SUPPLIED DATA

=== Begin Enclosure ===

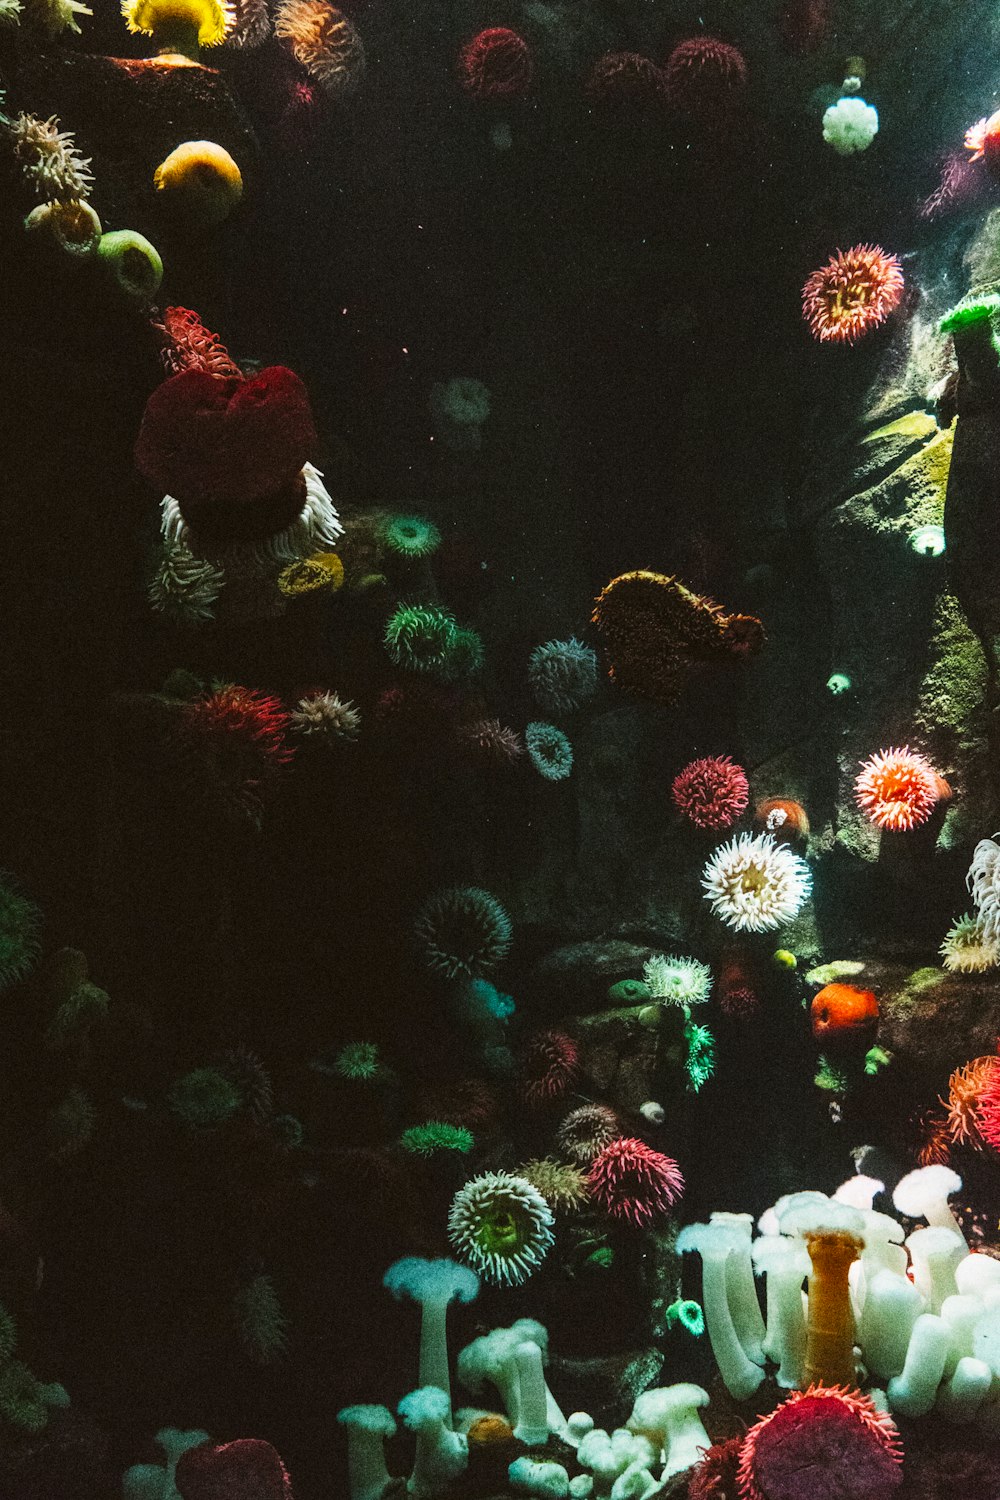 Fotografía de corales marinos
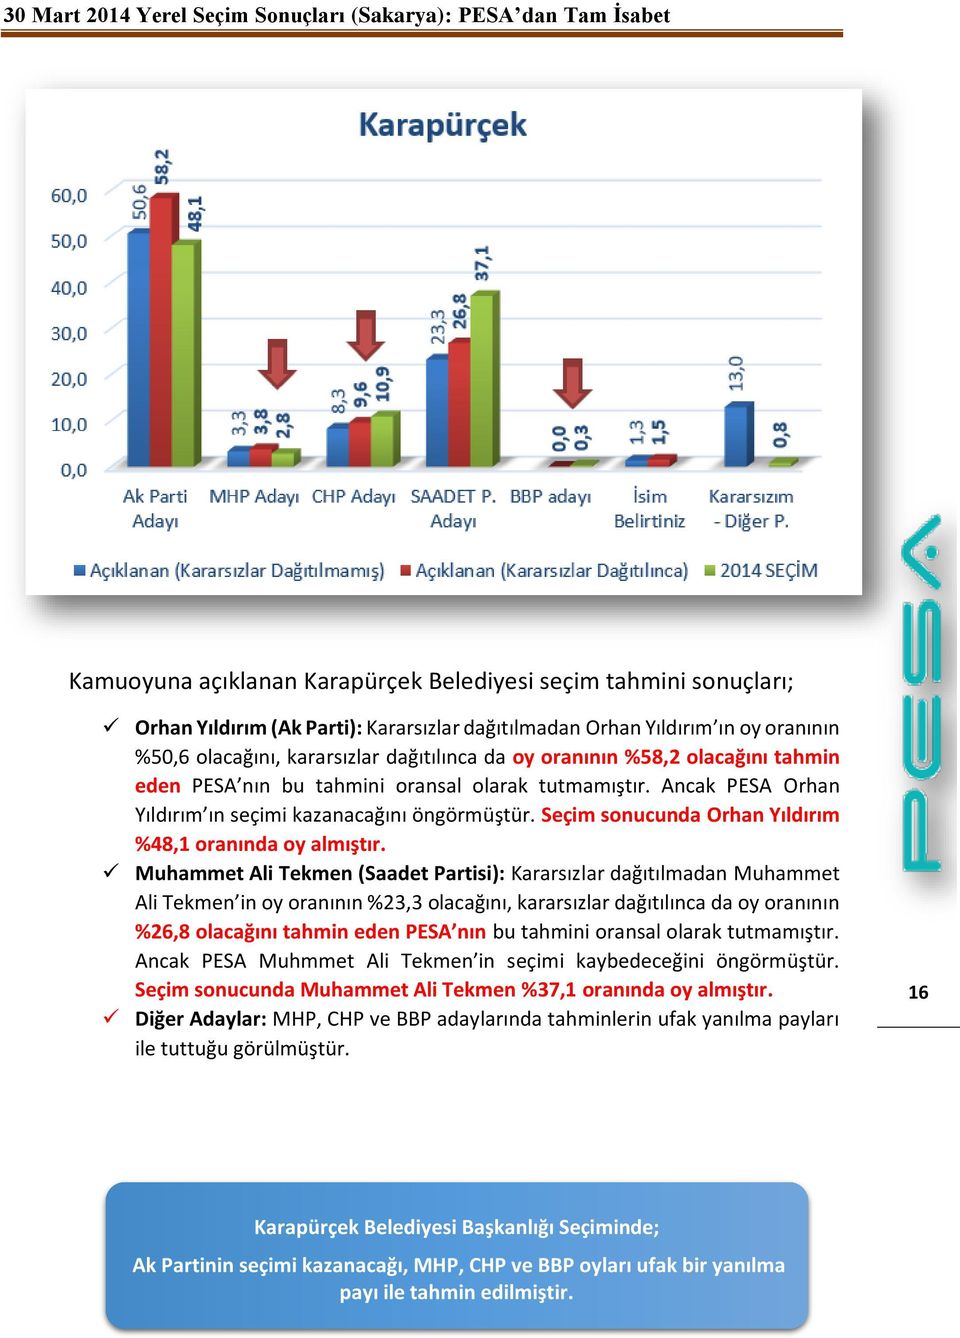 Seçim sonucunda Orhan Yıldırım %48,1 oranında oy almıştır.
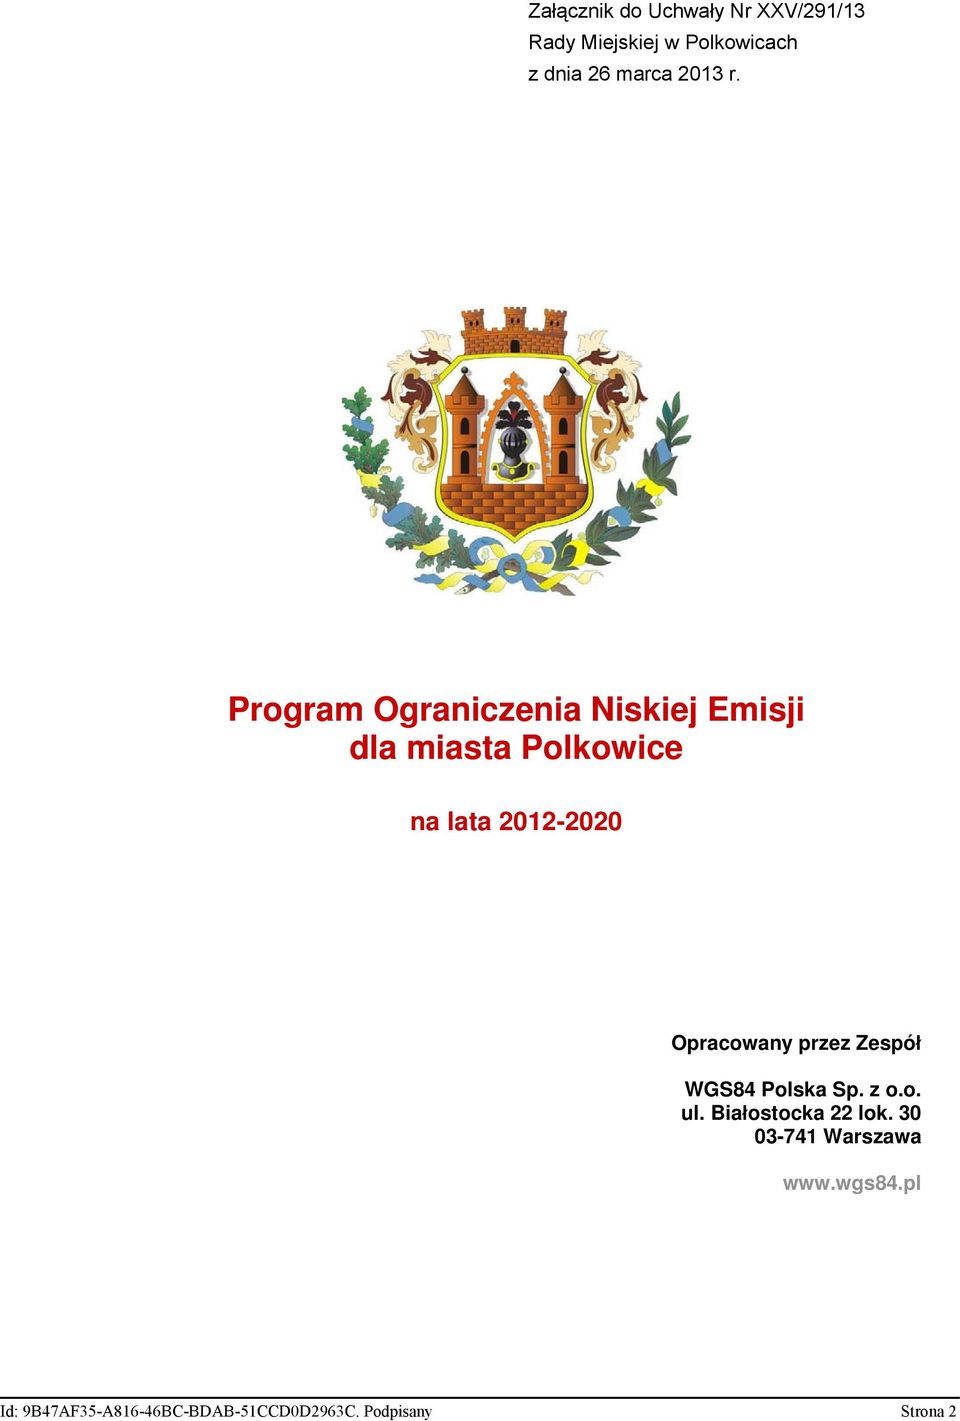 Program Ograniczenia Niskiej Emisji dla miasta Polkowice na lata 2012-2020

=== End Enclosure ===

WHAT IS BEING ASKED
Only those lines from the one containing "Seçim sonucunda Orhan" to the end of the material above, retyped exactly and without pictures, belong in your reply.

TASK ANSWER
 Seçim sonucunda Orhan Yıldırım %48,1 oranında oy almıştır.
 Program Ograniczenia Niskiej Emisji dla miasta Polkowice na lata 2012-2020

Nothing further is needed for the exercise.